2. THz Band Attenuation

In this section, we briefly explain the concepts used in the paper, such as transmittance and path loss. Then, we shortly explain the simple analytical model [11], which is employed to obtain the path loss analytically, and the data generated by tools is used in this model for another comparison.
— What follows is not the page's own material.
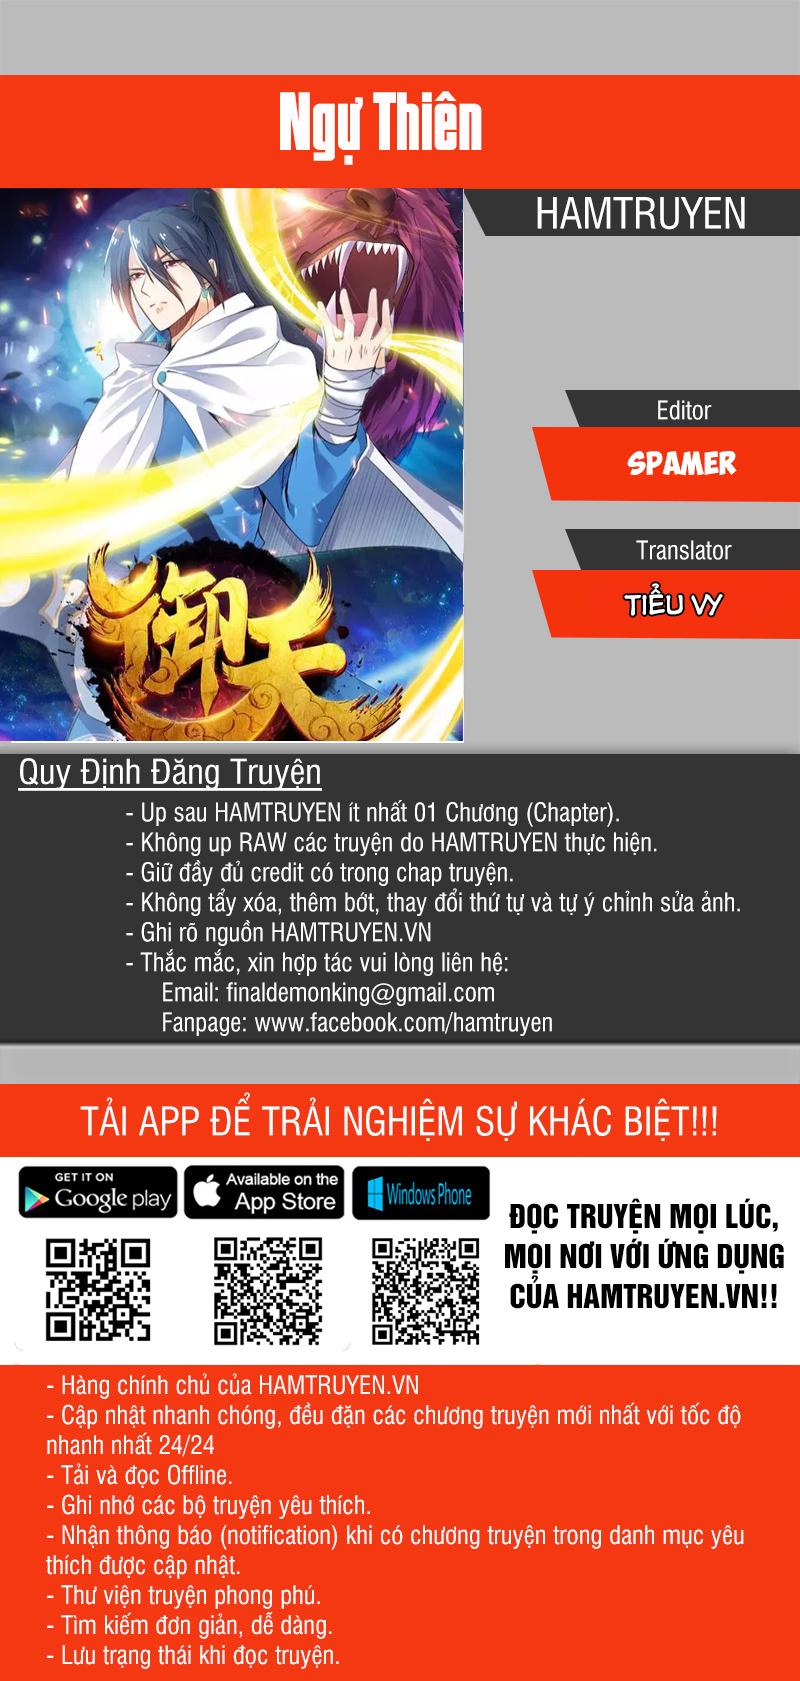 Ngự Thiên Chap 15 Upload bởi Truyentranhmoi.net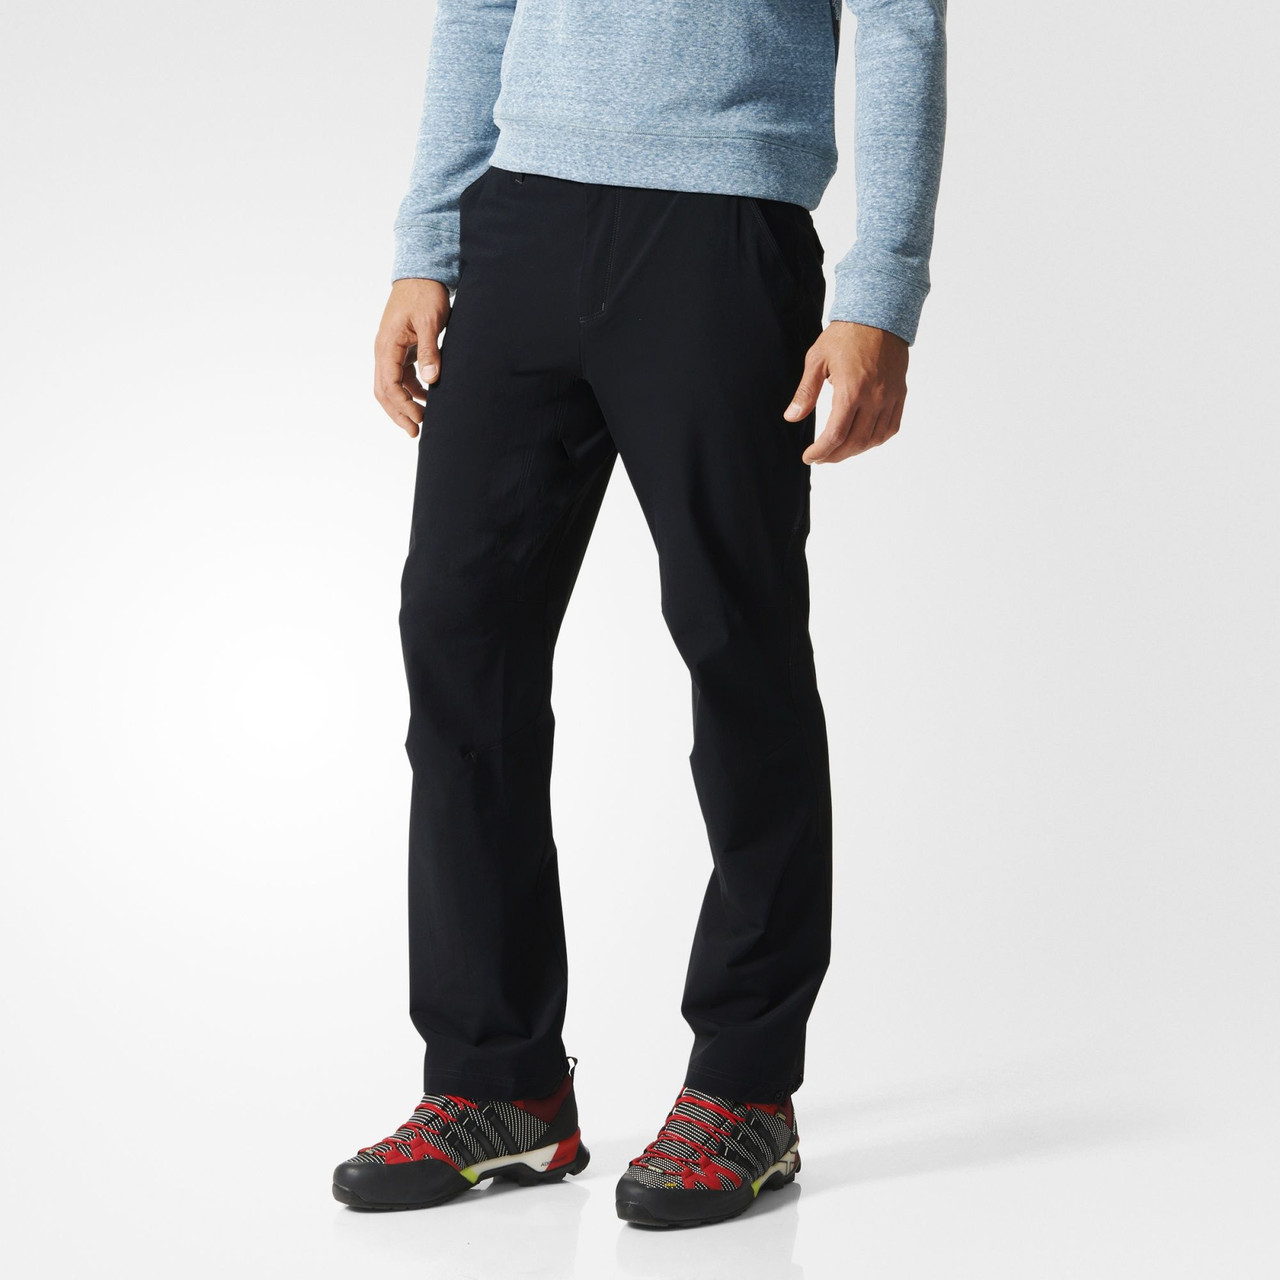 Купить Мужские брюки Adidas Outdoor (Артикул  AO1858) в интернет ... 74ca2645d842e

2.1. Transmittance and Path Loss

Transmittance ($\tau$) represents the proportion of the received electromagnetic (EM) power ($P_{\mathrm{RX}}$) to the transmitted EM power ($P_{\mathrm{TX}}$) through the medium, with values ranging from 0 to 1 [3]. Transmittance can be modeled as being dependent on the frequency (f) of the EM wave, the distance (d) of the communication link, the ambient temperature (T), the atmospheric pressure ($\rho$), and the water vapor concentration (V) [25]. In an aerial communication scenario and under specific weather conditions, it is practical to model the molecular absorption loss with respect to the altitudes of the transmitter ($h_1$) and the receiver ($h_2$) as follows [26]:

$$\tau (d,f,T(h_1,h_2),\rho (h_1,h_2),V(h_1,h_2))={\displaystyle \frac{P_{\mathrm{RX}}}{P_{\mathrm{TX}}}}.$$

(1)

Since the ambient temperature (T), atmospheric pressure ($\rho$), and water vapor concentration (V) all depend on $h_1$ and $h_2$, which characterize the medium of the communication link under a specific weather setting [25], transmittance can be modeled with respect to $h_1$ and $h_2$. Moreover, this altitude-dependent modeling can be achieved by considering specific weather profiles, such as a tropical weather profile or the U.S. Standard 1976 weather profile [24].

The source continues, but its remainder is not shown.